How many individual things are we able to remember at once–without resorting to unholy trickery, that is? At any given time, the experts will tell you, we can keep between five and nine things in mind, on average. That’s another interesting piece of trivia to tuck away, but it’s actually not what I’m talking about. I mean what is the sum total of things that we can know? Is there an end to it? We must assume there is an upper limit, owing to the brain’s finite mass. And if a brain is like my attic then we must also assume that, as it reaches maximum capacity, it’s not so much the size of the object you’re trying to stuff up there, but the shape of it as well. Any new thought, in other words, would have to be able to fit in among the other notions, in form as well as size. It follows then that at some point you can only accept certain types of information, which, considering my elders, is just about as accurate a theory as any other I’ve been able to devise.
Regardless, the reason this thought is occupying so much of my mind is due to a list that I can’t forget.
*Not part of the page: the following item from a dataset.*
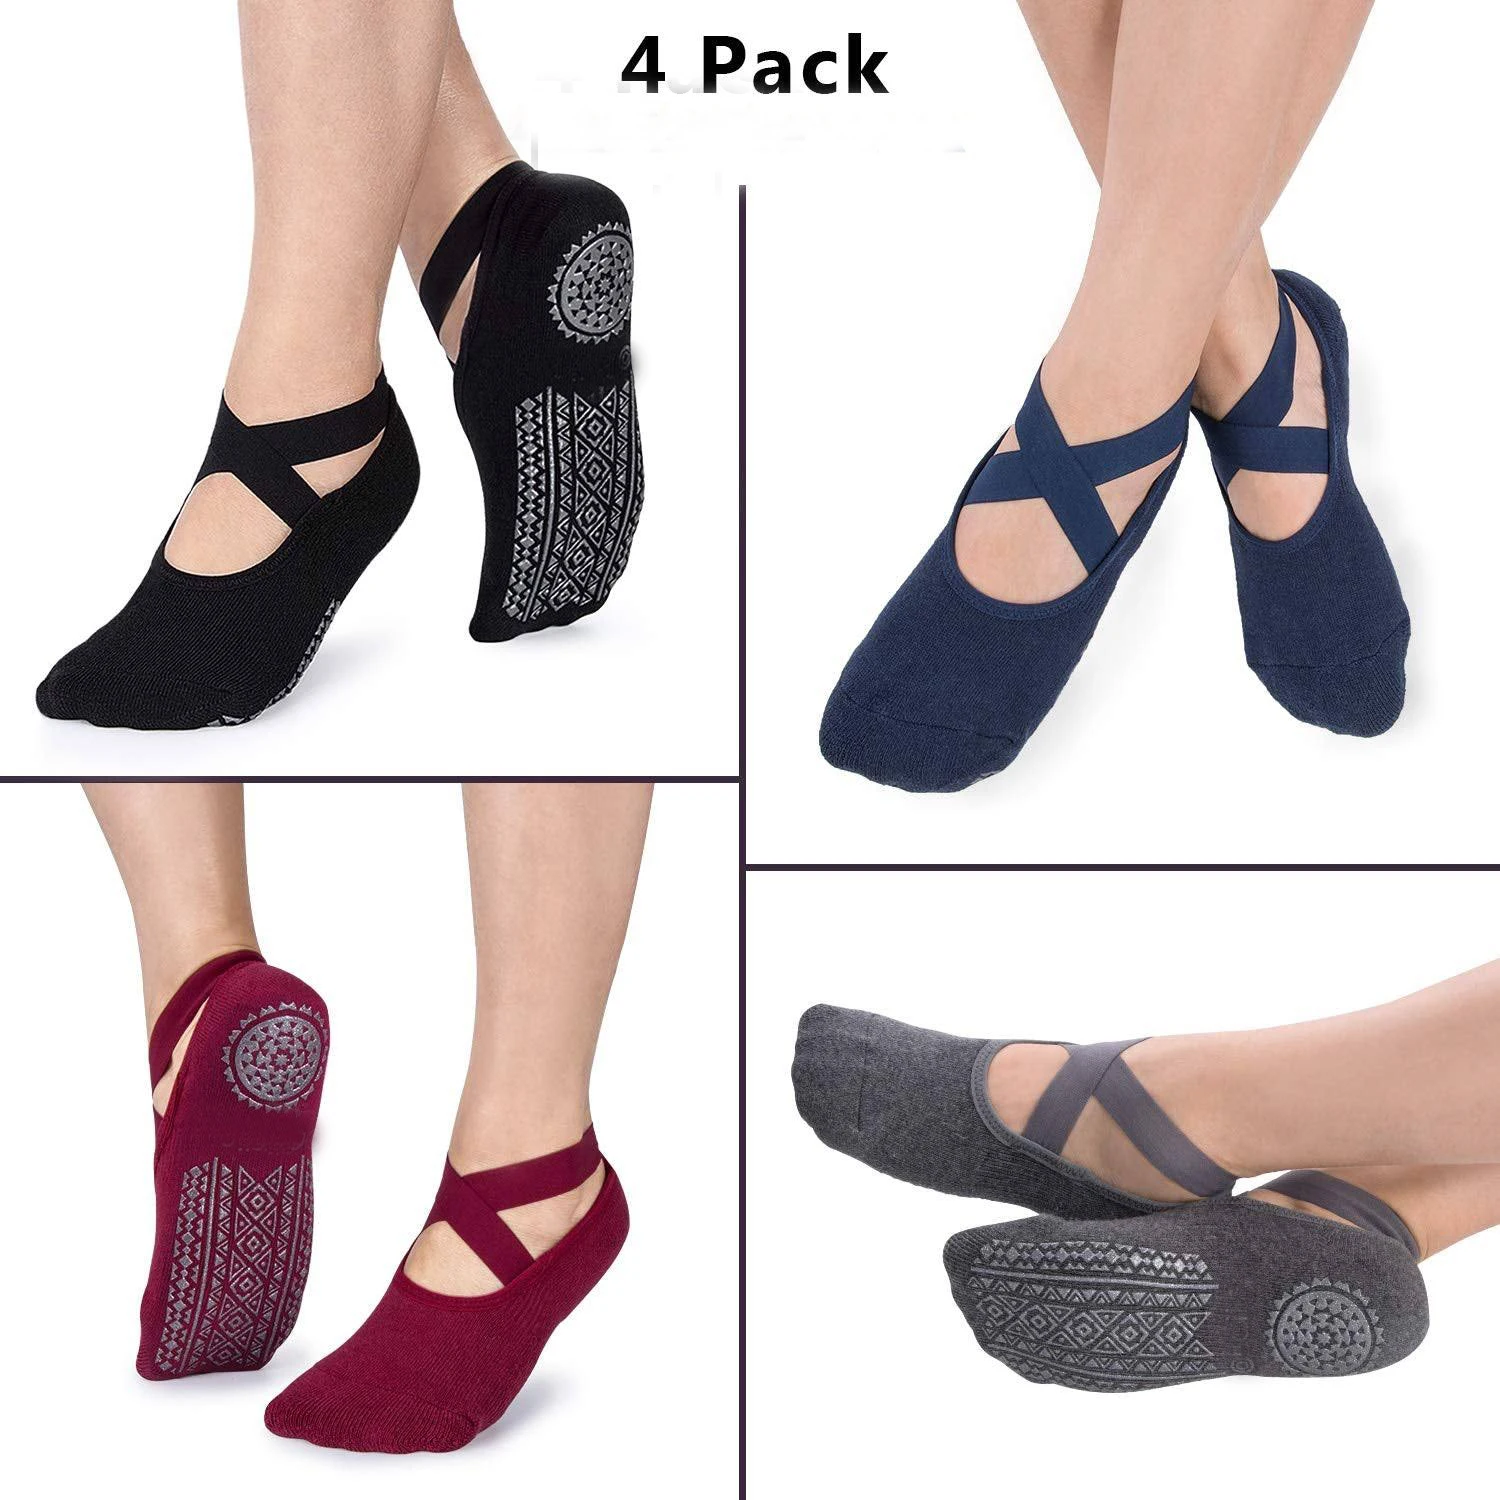 

for Socks Grips Women Yoga Non-Slip Bandage Cotton Sock Ideal Five Toe Socks for Pilates Pure Ballet Dance Barefoot Workout

Because I am a slothful creature by nature, I’ve always clustered tasks–those things that must get done–into as short a time as possible, the better to have done with them. As I run my internal audit, which usually happens while I’m in the shower, I string together an unwieldy list of activities that I’ll try to maintain by repeating them like a mantra. “Marinate the tempeh, add memory to the Palm, necklace for sister… Marinate the tempeh,” and so on. Invariably, when the list grows too long, errors begin to creep in. Words cannibalize themselves, and I am subject to involuntary spoonerism episodes. This must be what dementia is like.
The sheer bulk of information necessitates that I pare back to bare essentials. “Marinate, memory, necklace,” et cetera. These optimized lists are much more manageable, and sometimes they’re even catchy. But that’s the problem, see. If they’re too catchy then the lists can bridge the gap between short term memory and long term memory, and suddenly I find myself weaving these one-time lists–agendas shortly to become obsolete–into the very tapestry that makes me who I am.